By ; October 22, 2013 


Purchase at: Insound (Vinyl) | Amazon (MP3 & CD) | iTunes | MOG

All Became Golden isn’t just another album from British singer/songwriter Essie Jain. Nor is it just an audio visual album, combining the talents of Jain, composer Nico Muhly, and filmmaker Nathalie Johns. It’s more than that, and what it is stems from is the disillusionment Jain found herself overwhelmed with after the release of her 2011 album Until The Light of Morning. “If I did put my hands to the keys, it just seemed [like] this impossible, overwhelming task,” she explains during the film version of Golden. Thankfully Johns rekindled her interest after proposing a new approach to her music, filming it live, in a manner that resembles how Frank Sinatra used to record, with an orchestra and conductor there beside him. “I knew if I played music again it would have to be something spectacular,” Jain goes onto explain in the interview, and All Became Golden is little short of being just that.

The music on Golden is undoubtedly that of Jain: the tracks are graceful and deliberate for the most part but without sounding too fussy or precocious. When “No Mistake” quietly sweeps into view with acoustic guitars strums and homely strings, Jain follows suit and sounds like she’s continuing on from her underrated 2008 album The Inbetween. Lyrics have never been a consistently strong feature, but she chooses most of her words carefully so that they suit her voice; she wraps her voice around a phrase or a word, embracing it so it leaves a warm impression. On “I” she comforts the phrase “I cried over and over,” like a mother reassuring a weeping child while on “Stand In The Light” has her skipping between her notes as woodwind flutters about beside her. Sounding at least a decade older than it is, Jain’s voice is a vastly intriguing alto that always felt like an instrument in itself, played with nuance, control, and temperament.

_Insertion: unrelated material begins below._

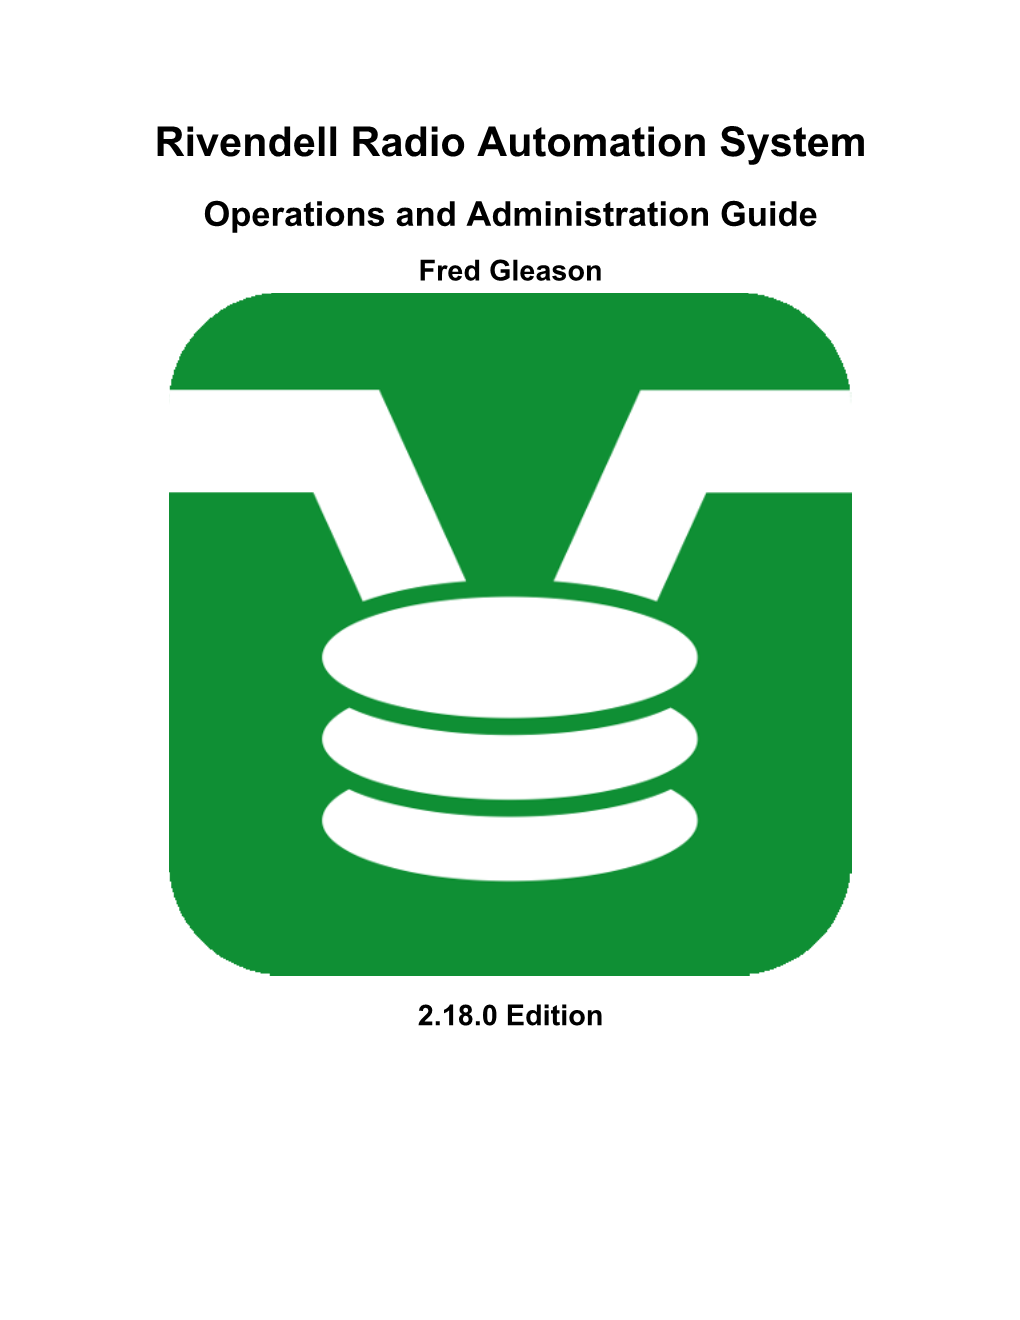 Rivendell Radio Automation System Operations and Administration Guide Fred Gleason

With an orchestra beside her, though, it becomes one with her accompaniments. She falls into the lush backdrop until she’s creating a buoyant vessel to drift across on. On “My Darling” she swells gracefully like a rising light during the song’s instrumental sections whereas on “Raise You” she fades away to a hum as the orchestra fades and slows to a stop. Muhly is to be paid due credit for his stellar work here. Jain has always had sturdy arrangements, but he finds a new grace for her tracks. Granted, having the orchestra at hand can only but help create this, but he sounds like he’s found a very refined and particular aspect of what Jain has to offer, and fine tunes it across nine tracks. “I really liked the idea of doing it live in front of cameras, because you can see there’s no trick to making music like this happen,” Muhly said of the project. He’s right to say so; Golden captures a seamlessness that is hard to fully appreciate with your ears alone. At the very least, the film of Golden helps you appreciate the nuance and the detail of the arrangements, or just sheds a little more light on the players on the album.

One of the glorious strengths of Golden is its power to evoke. Jain namedrops the likes of Nina Simone as inspiration, but her influence seems to reach further. “Dark Is The Night” sounds like her very own “King of Carrot Flowers” with ticking acoustic guitar while “No Mistake” sweeps across the floor gracefully, like a half-remembered waltz from the past. It’s the album’s centrepiece and lead single “Raise You” that stands the highest here, delivering Jain’s most impassioned performance as strings build and build. Strangely enough, the point of comparison I keep coming back to is Scott Walker’s grand and inimitable “Farmer In The City.” It’s not as overwhelming, but the effect Muhly creates as everything swells is noticeably similar, and it’s a wonderful moment captured, and perhaps both Jain’s most instantly and lastingly impressionable track to date.

If Golden has any failings, it’s when it falls into a desire to strip away the scope. Jain’s cover of Dire Straits’ “Why Worry” matches the surrounding material musically, but it stands out too much lyrically, having her sounding elementary. “Why worry? There should be laughter after pain/ There should sunshine after rain” goes the chorus, and it makes it clear that not all of Knopfler’s lyrics age well. At least when Jain’s own songs lean too closely too similar lyrical blandness, like on “My Darling,” she has a wistful and glorious swell to distract from it, if not elevate it to another level.

But any misgivings to be brought up against the album are likely to be overshadowed with the fact that it’s brilliant we once again have Jain back making music, re-inspired and renewed with an album that makes her sound better than ever. Granted, some of the intimacy of her previous albums is lost here, but like Jain said, Golden always had to be something spectacular for her to be driven to get involved. We owe it to Johns for giving Jain something impossible to say no to, and to Muhly for casting Jain so well, but without a doubt the brightest light of gratitude has to go to Jain herself for choosing to return and doing to with such grace and artistry. It’s hard not to believe that everything has indeed become golden – it certainly sounds like it here.